┌──

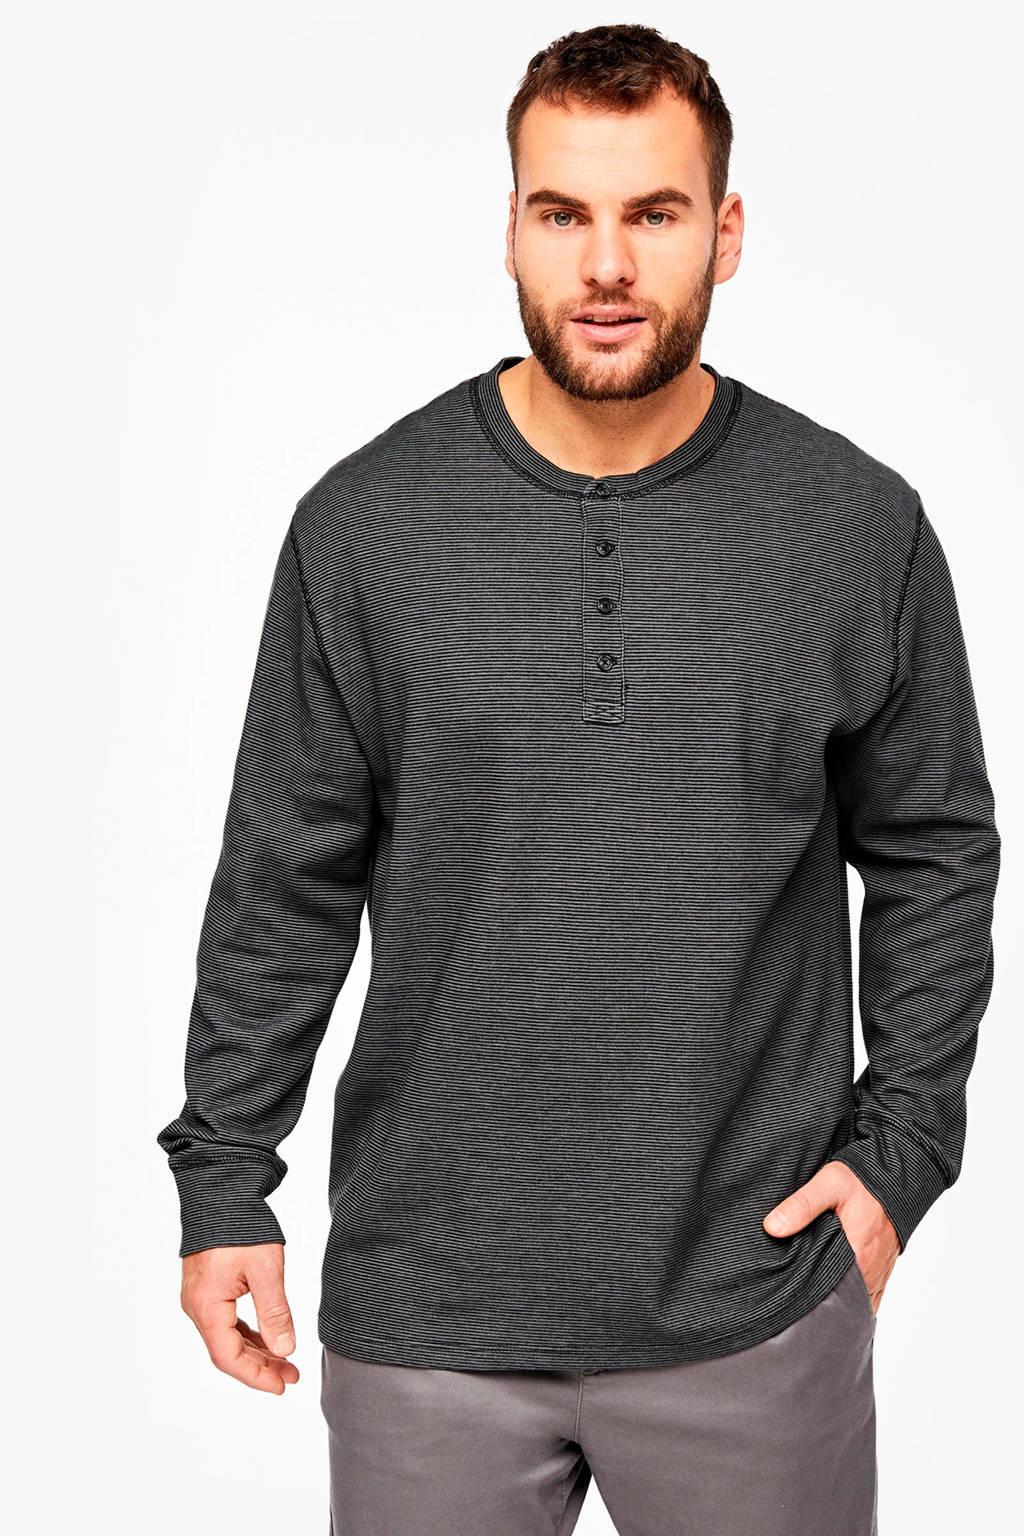 s.Oliver Big Size gestreept T-shirt zwart/grijs Big size, Zwart/grijs
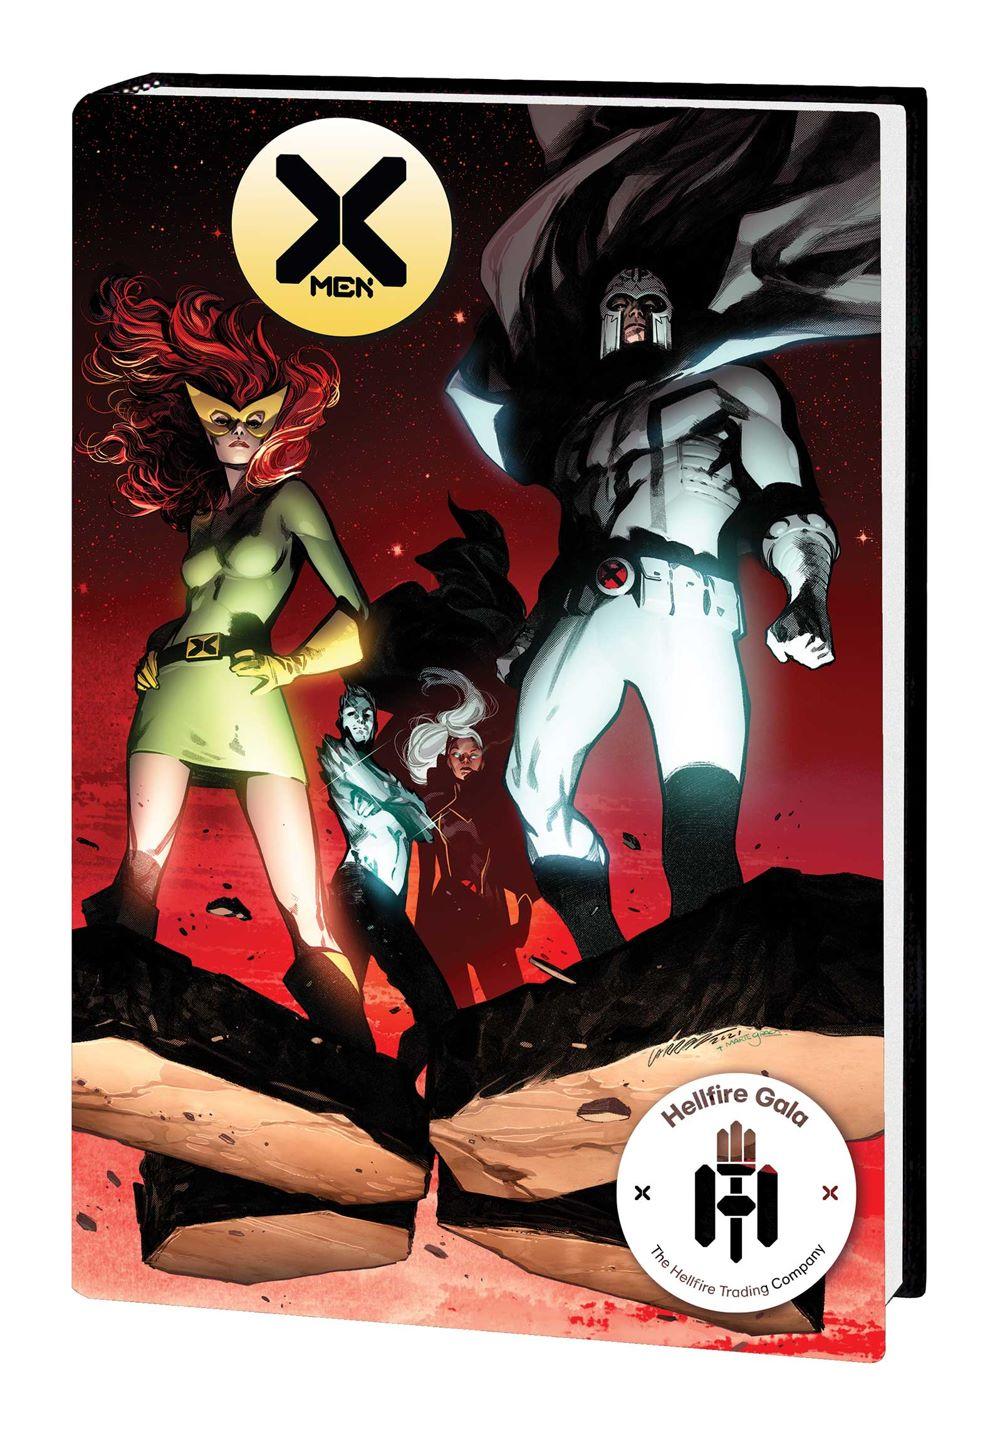 XMEN_HELLFIRE_GALA_HC Marvel Comics August 2021 Solicitations
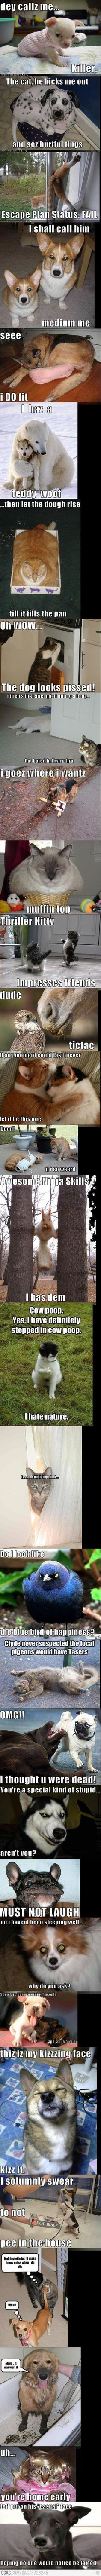 So many funny animal photos, I don't think I can take it!

└──

YOUR TASK |
Would you restate the listing word for word without its pictures?

ANSWER TO THIS PROBLEM |
 s.Oliver Big Size gestreept T-shirt zwart/grijs Big size, Zwart/grijs
 XMEN_HELLFIRE_GALA_HC Marvel Comics August 2021 Solicitations
 So many funny animal photos, I don't think I can take it!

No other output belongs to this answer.